The next task was to change the home/away and make/ miss columns from strings to numerical values. A home game is now represented by a 0 while an away game is now a 1. A shot make is now represented by a 1 while a shot miss is now a 0. I then noticed an error in the touch time variable where some shots have recorded data with negative values. To maintain data integrity, I removed these shots. Additionally, I created a column to represent cumulative points in a game when a player shoots. Therefore, every time player made a shot throughout the game, the number of points they scored is added.

Lastly, before visualizing the data, I generated a column to represent the month numerically in which the game was played. This was performed by taking the matchup column and reading the first three characters of the string, which represented the month. The matchup column was then removed.

After creating the above scatter plot matrix and correlation matrix for each variable, it can initially be declared that there are not many strong relationships. Many of the variable pairs with higher relationships with each other are expected and can be explained by using basketball knowledge. If a player shoots more, defenders will most likely guard them closely. If a player dribbles and touches the ball more, defenders will also defend them closer. These are understandable as defenses will want to guard better players and scorers closer because they will handle the ball more and shoot frequently throughout the game. Also, besides some very close shots, if a player shoots further away from the basket, they will be guarded softer.

More scatter plots were articulated in hopes of finding some intriguing relationships. These take into account the makes and misses of the shots and are graphed against total points.
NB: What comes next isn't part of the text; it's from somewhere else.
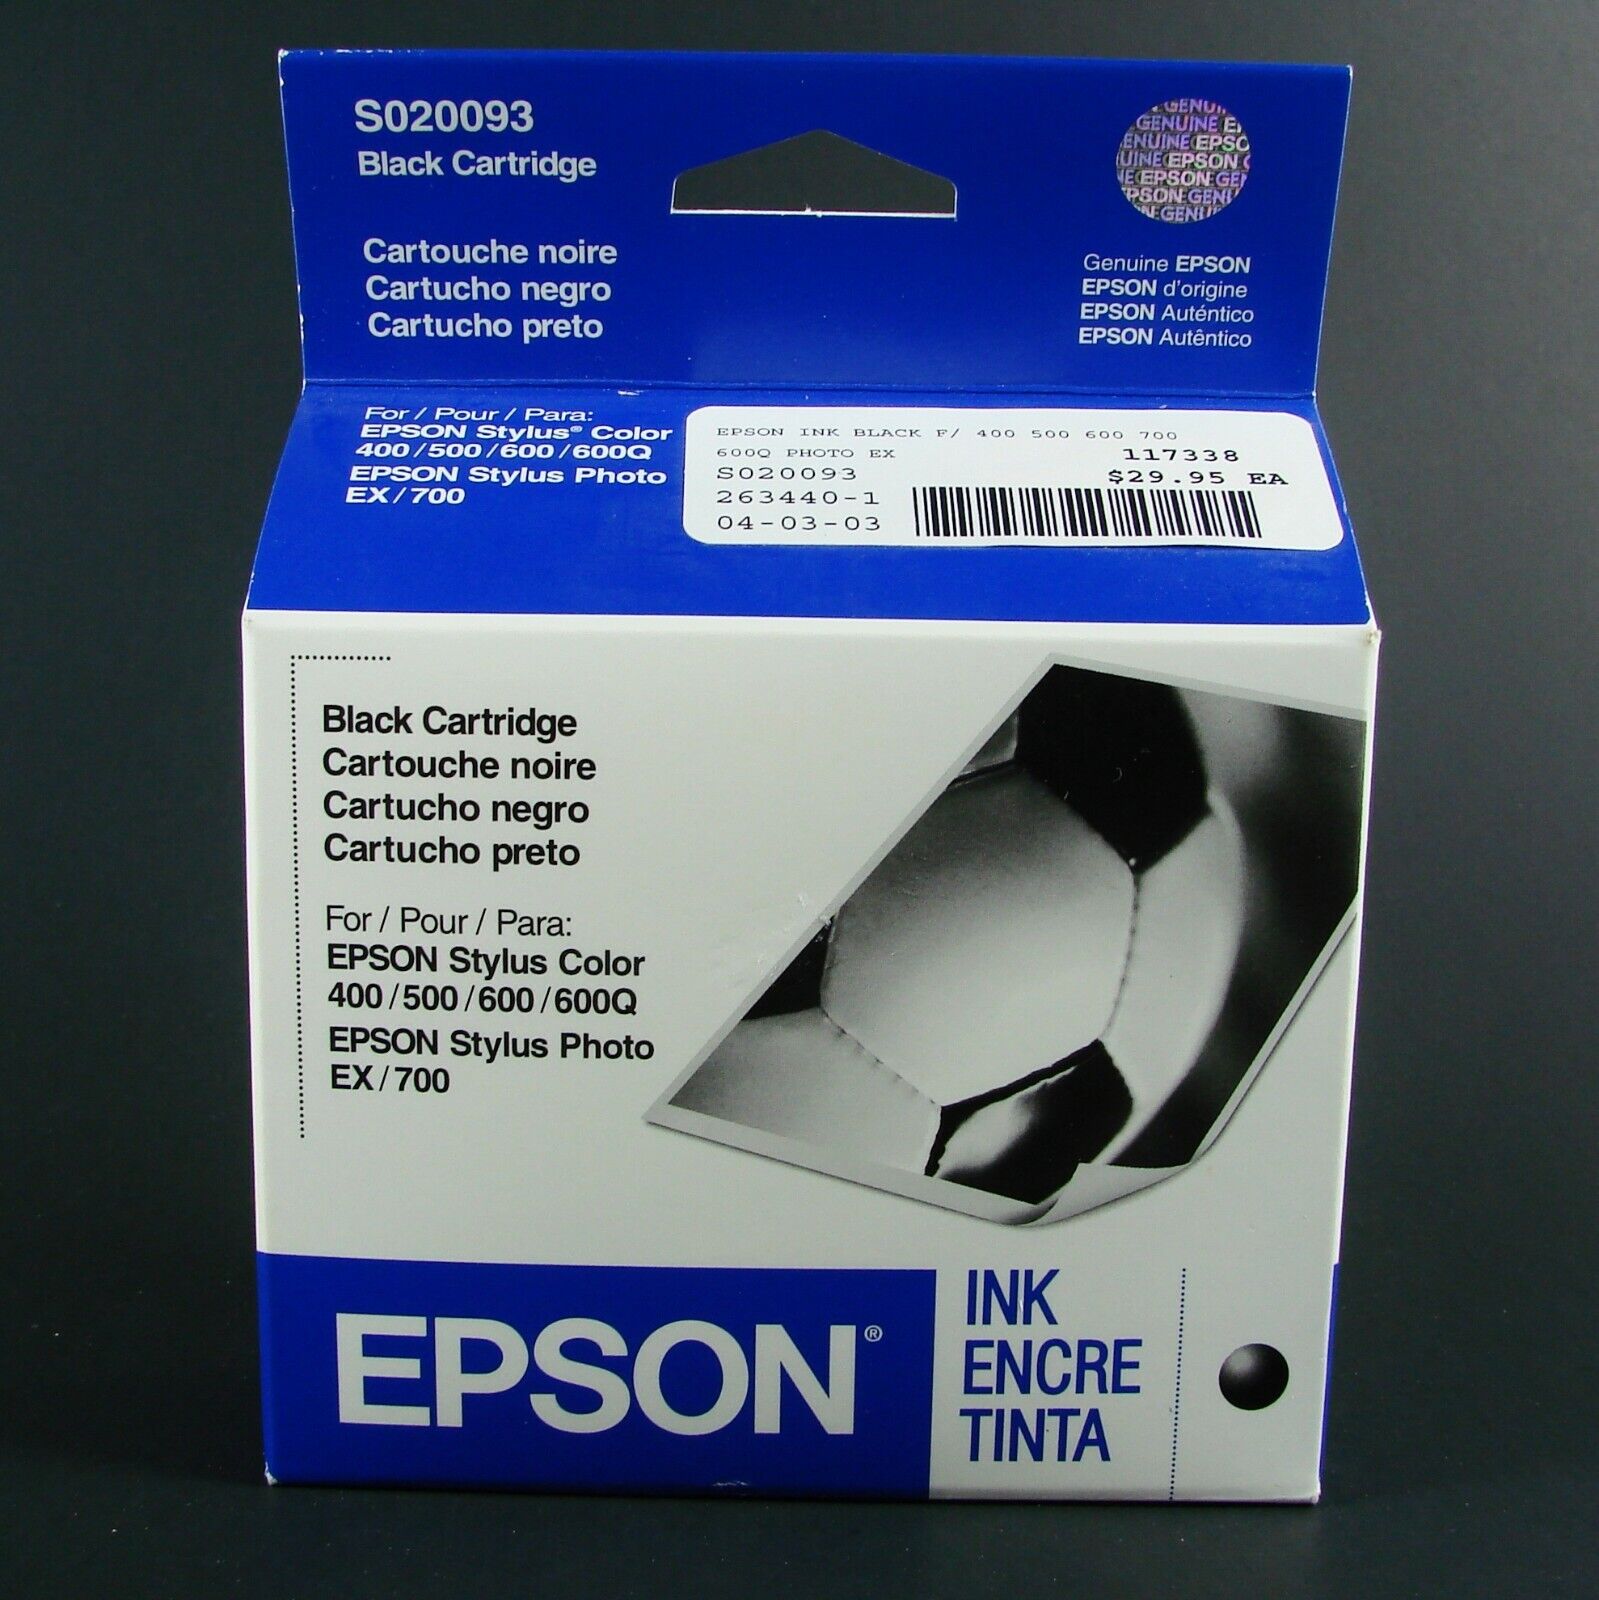 NEW Genuine Epson Stylus Print Cartridge S020093 Black Expired Jan 2006 NIP 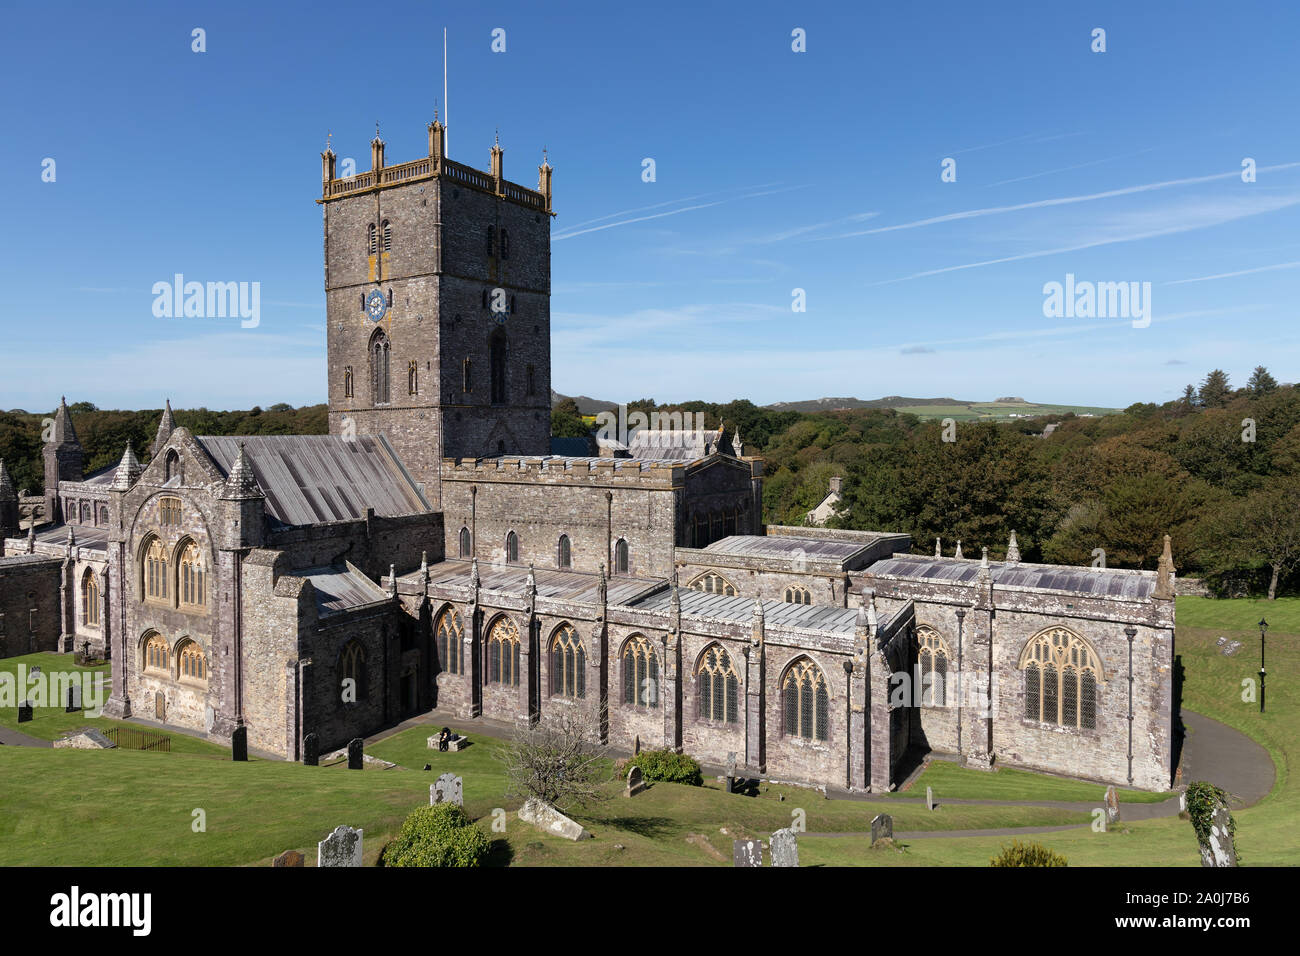 ST DAVID'S, PEMBROKESHIRE/UK - 13. SEPTEMBER: Blick auf die Kathedrale von St. David's in Pembrokeshire am 13. September 2019. Zwei unidentied Menschen Stockfoto

Only the significant ones were added below.

It is exhibited that there are many more misses at long distances compared to short, which is expected. However, players with more points tend to shoot more close and 3-point shots rather than mid-range. There are more makes when the shot is taken early in the shot clock instead of late, and there are more makes earlier in the game compared to later, especially in overtime. It is also interesting to see defenders progressively guarding players closer as they have more points. Being very far away from the shot as a defender leads to a make almost every time if above around 20 feet.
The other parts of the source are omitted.